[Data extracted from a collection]
┄┄┄┄┄┄┄┄┄┄┄┄┄┄┄┄┄┄┄┄

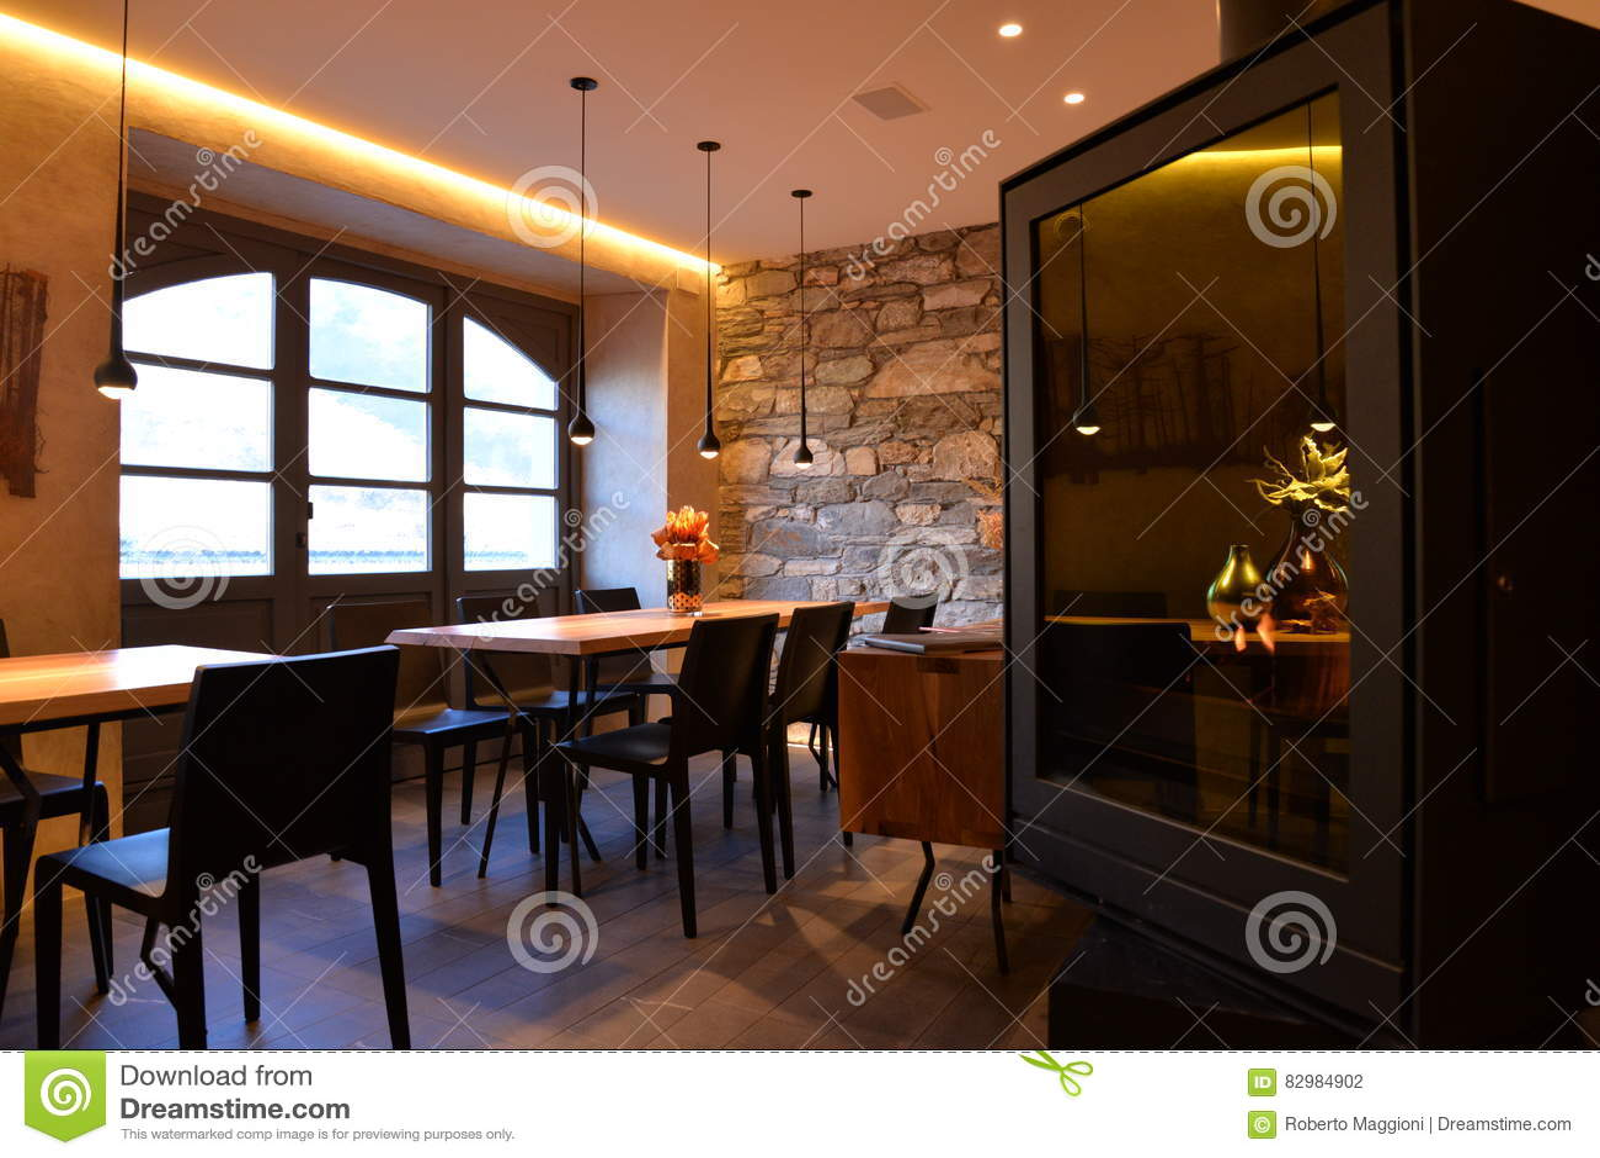 modern restaurant interior design stylish dining room stock photo image 82984902. Black Bedroom Furniture Sets. Home Design Ideas
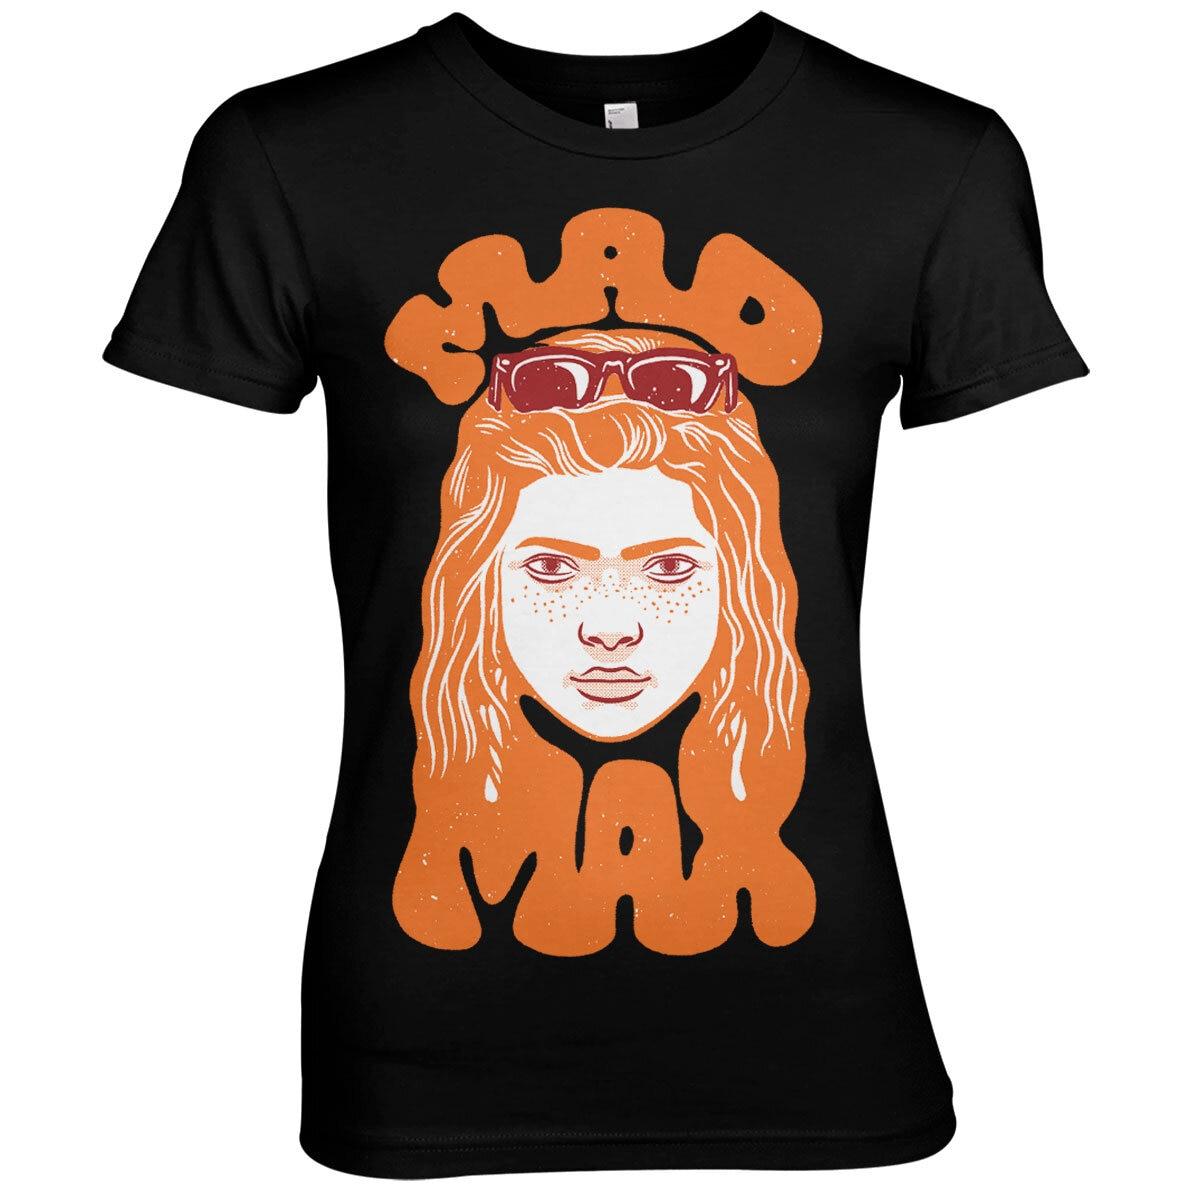 Stranger Things - Mad Max Girly Tee
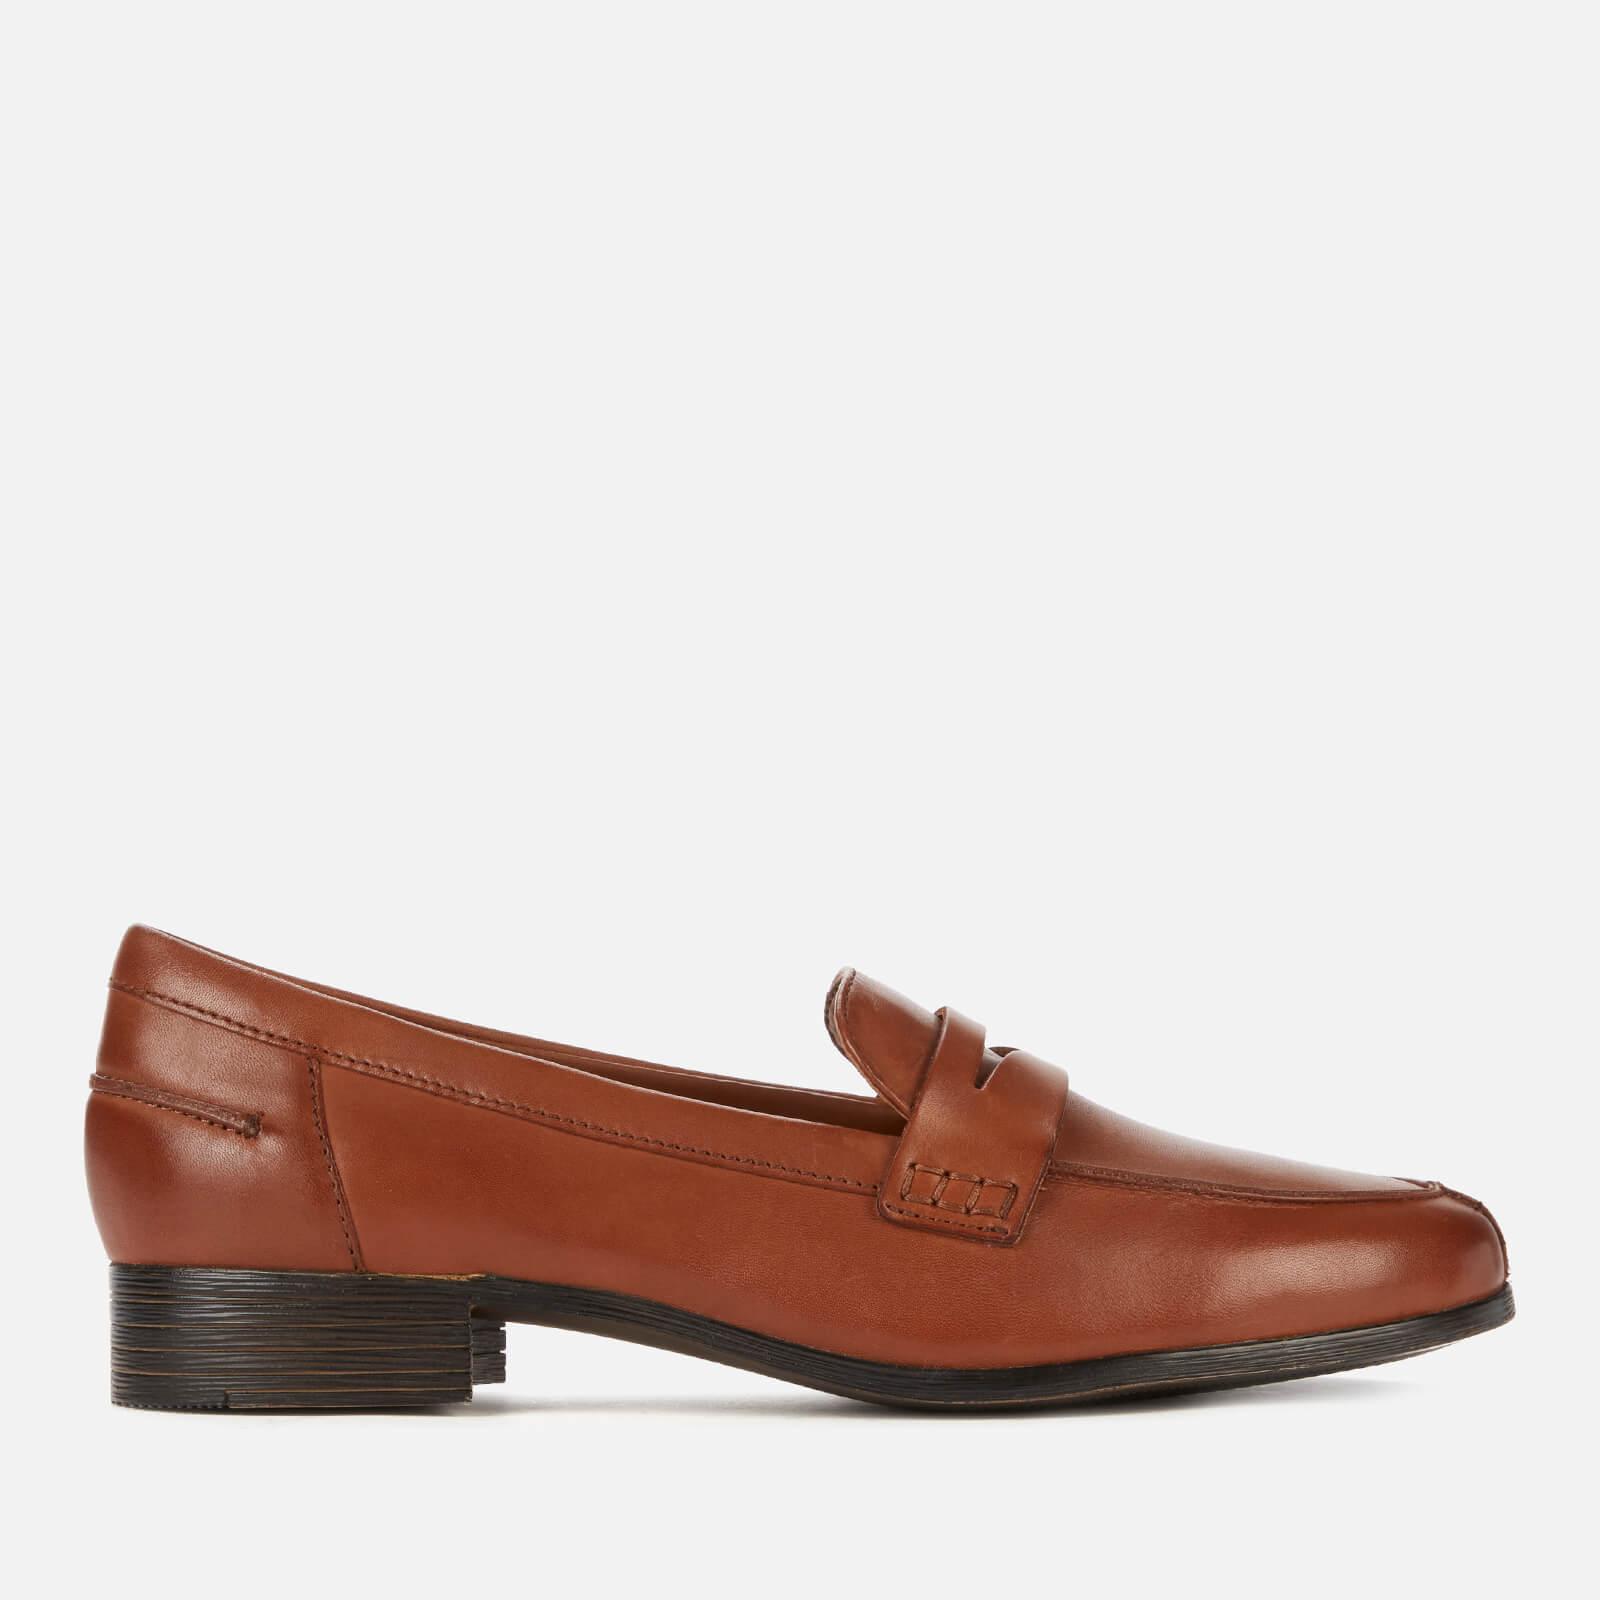 Clarks Women's Hamble Leather Loafers - Tan - Uk 8
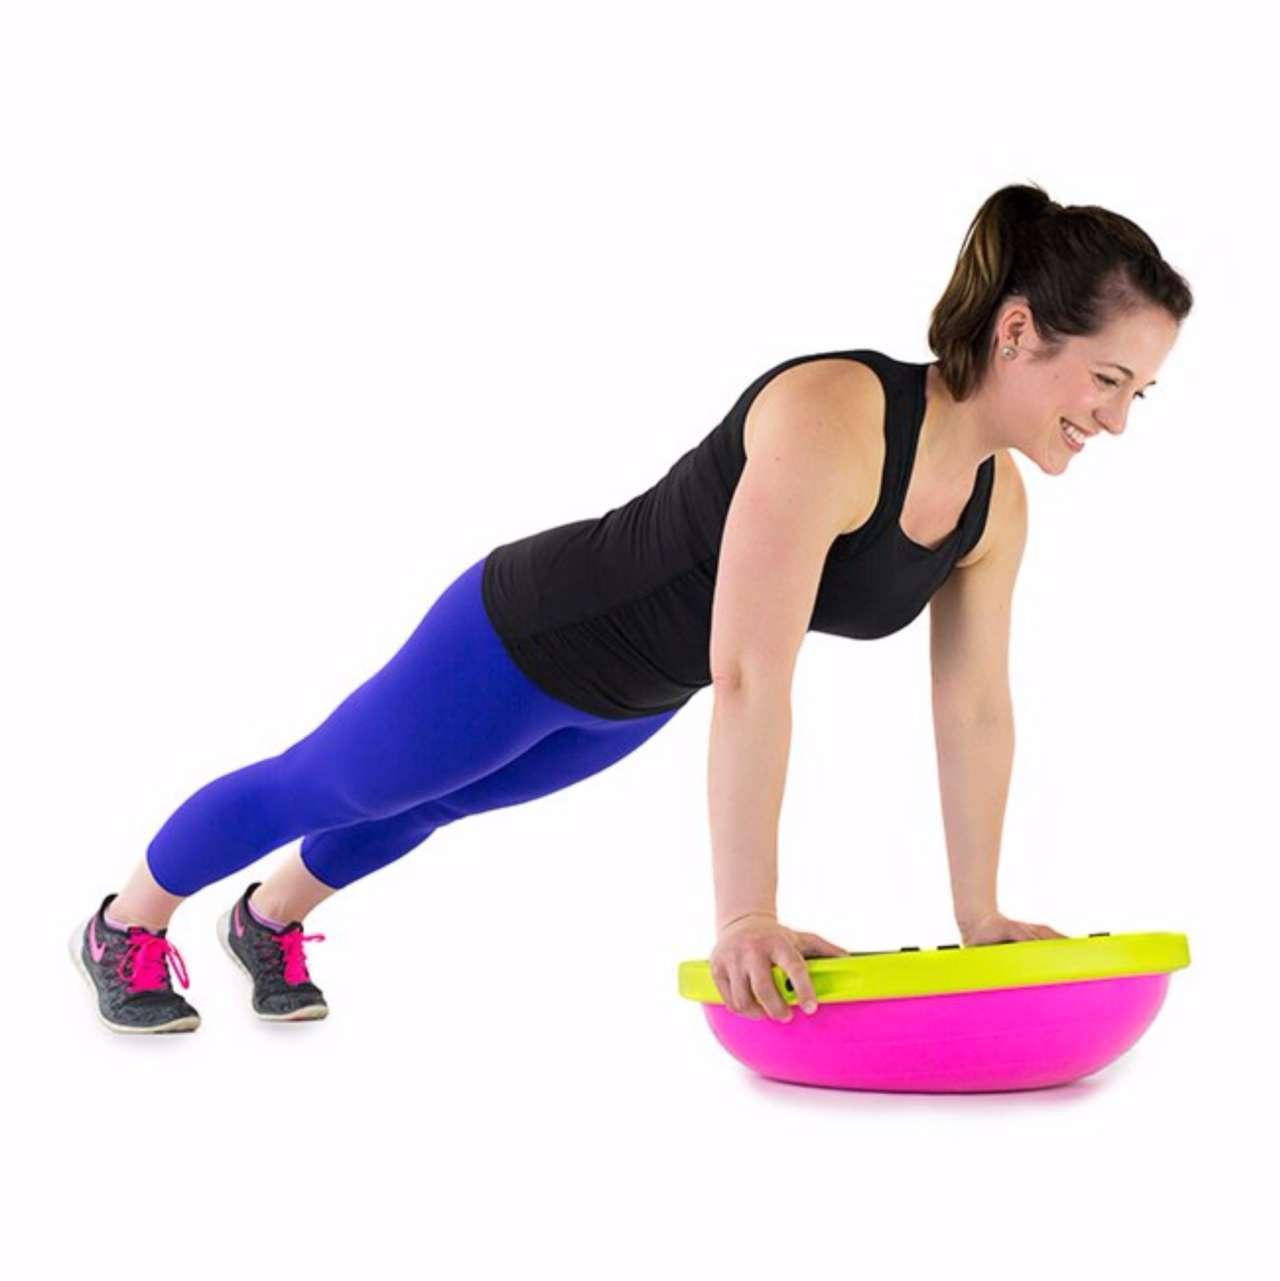 bosu-push-up-featured-1-52056-1280x0
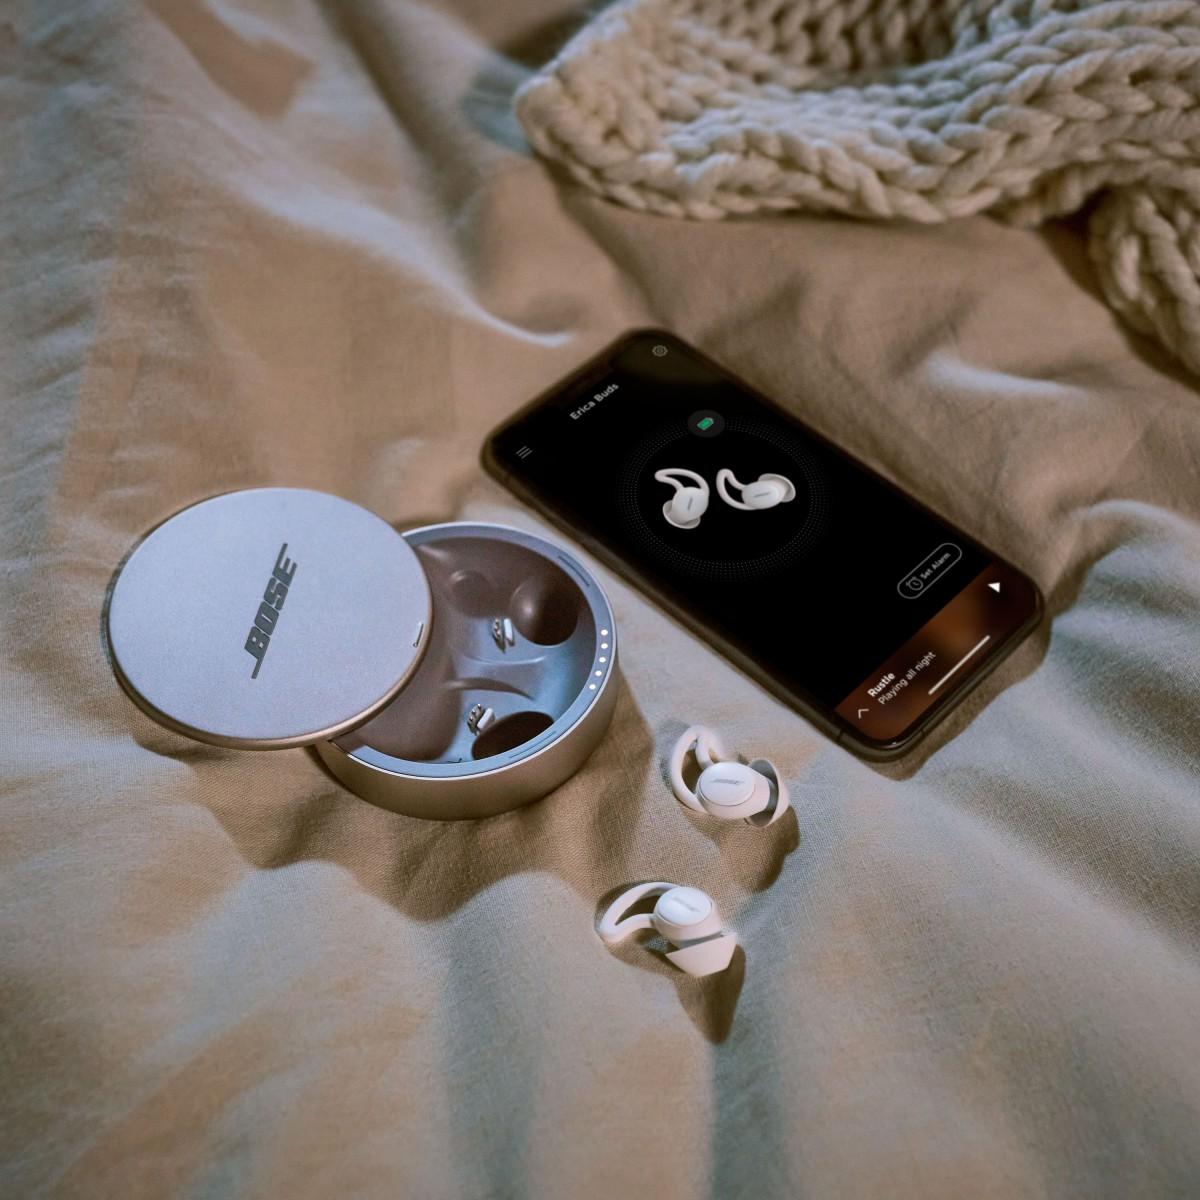 Bose SleepBuds II: MUSTHAVE

┄┄┄┄┄┄┄┄┄┄┄┄┄┄┄┄┄┄┄┄

Work to be completed >>
Pictures aside, every entry above must be repeated exactly.

Answer section >>
 modern restaurant interior design stylish dining room stock photo image 82984902. Black Bedroom Furniture Sets. Home Design Ideas
 Stranger Things - Mad Max Girly Tee
 Clarks Women's Hamble Leather Loafers - Tan - Uk 8
 bosu-push-up-featured-1-52056-1280x0
 Bose SleepBuds II: MUSTHAVE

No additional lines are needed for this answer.